Just for reference, compiling CP2K_2009-05-01.f90 results in 684 modules, stracing yields something like 12000 calls to open, and 148'847'399 calls to lseek. Clearly anything reducing the number of seeks is likely to have a good impact on compile time. For this particular case, caching modules would help a lot as well. However, our usual pattern is to have a single module per file, and all use statements at the top of the module. Caching would be of little help for this style. An efficient encoding of the information in the module would help. The idea of writing the module compressed, and decompressing it as a big string to memory for reading and parsing, seems appealing to me. Concerning a change of format, it would be important to keep one of gfortran's nice features, that is, the ability to use the modification time of the .mod files to avoid recompilation cascades. If .mod files would contain a reference to other .mod files (instead of containing the info directly), this property might be at risk.
(In reply to comment #4) > Just for reference, compiling CP2K_2009-05-01.f90 results in 684 modules, > stracing yields something like 12000 calls to open, and 148'847'399 calls to > lseek. With Thomas patch (http://gcc.gnu.org/bugzilla/show_bug.cgi?id=40958) the number of seeks drops to 19'557'182, which quite an improvement. In the trace output, there are still very long sequences of identical lseek, without any other intermediate call.

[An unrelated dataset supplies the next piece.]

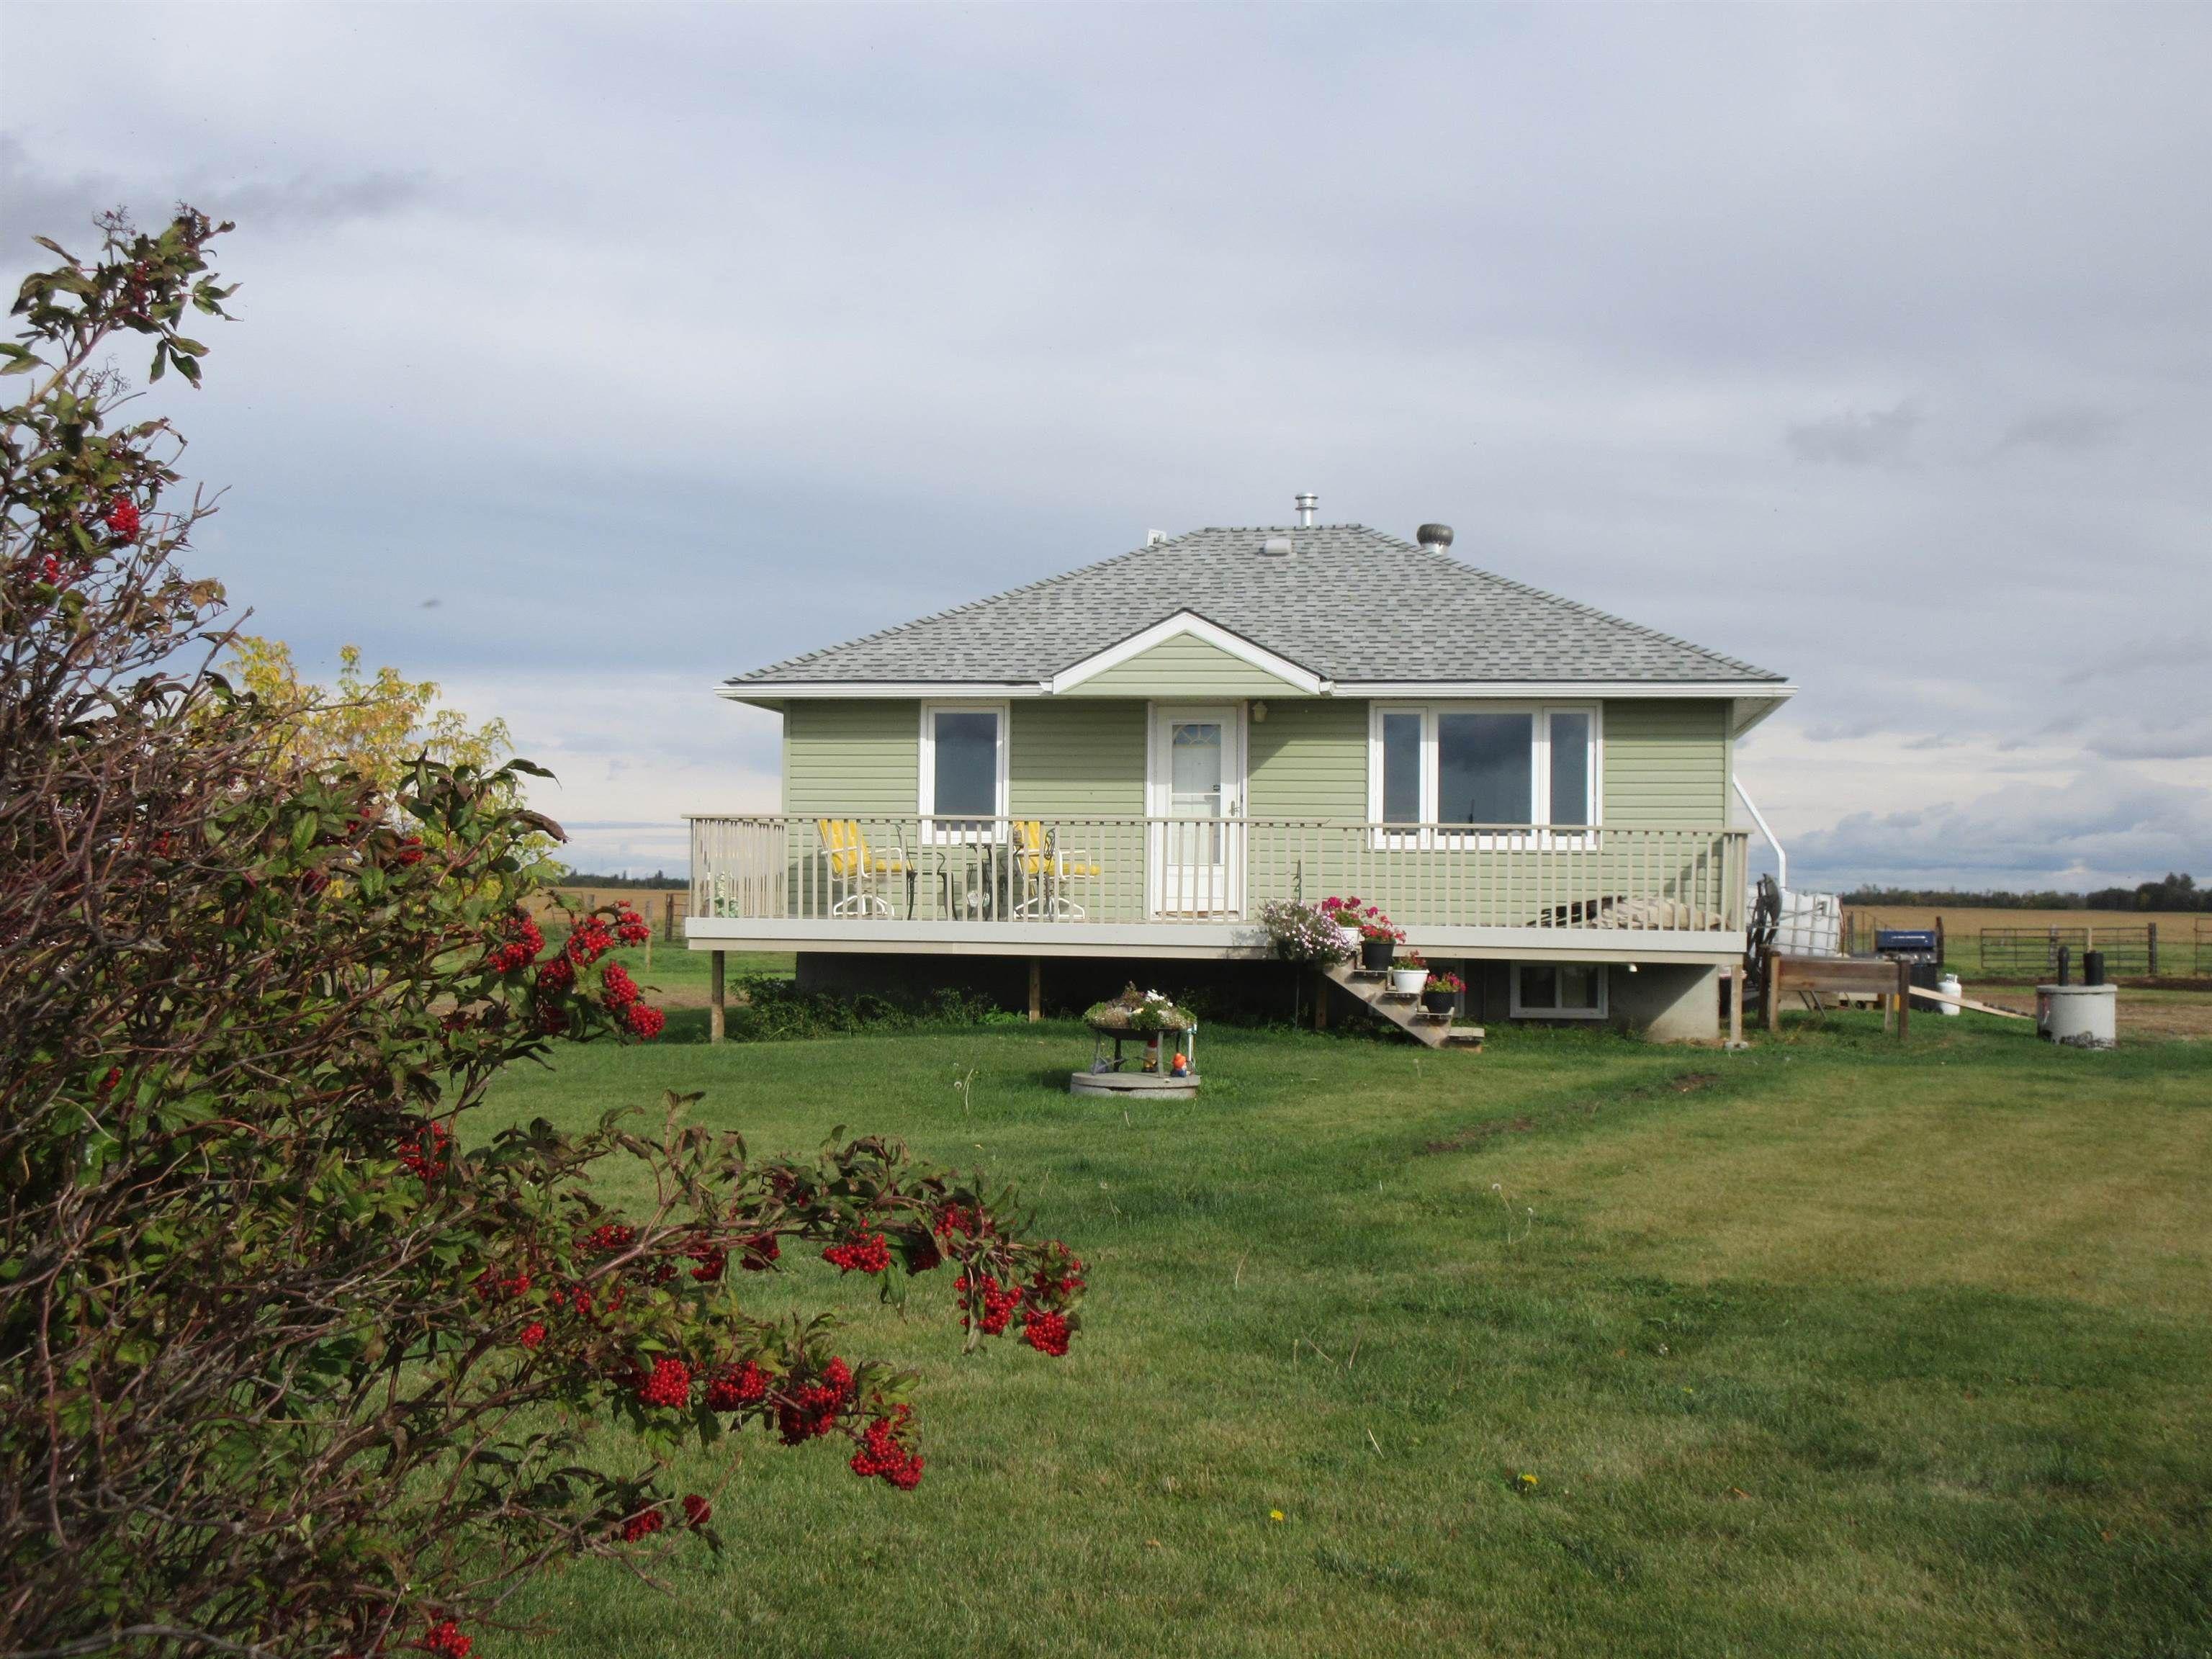 Main Photo: 59157 RR 195: Rural Smoky Lake County House for sale : MLS®# E4262491

Author: tkoenig Date: Tue Nov 29 17:49:24 2011 New Revision: 181810 URL: http://gcc.gnu.org/viewcvs?root=gcc&view=rev&rev=181810 Log: 2011-11-29 Thomas Koenig <tkoenig@gcc.gnu.org> PR fortran/40958 * module.c (prev_module_line): New variable. (prev_module_column): New variable. (prev_character): New variable. (module_char): Update the new variables. (module_unget_char): New function. (parse_string): Use module_unget_char. (parse_integer): Likewise. (parse_name): Likewise. Modified: trunk/gcc/fortran/ChangeLog trunk/gcc/fortran/module.c
see part 2/3 in the message here: http://gcc.gnu.org/ml/fortran/2013-03/msg00125.html
Patch for compressing module files with zlib at http://gcc.gnu.org/ml/gcc-patches/2013-04/msg00554.html .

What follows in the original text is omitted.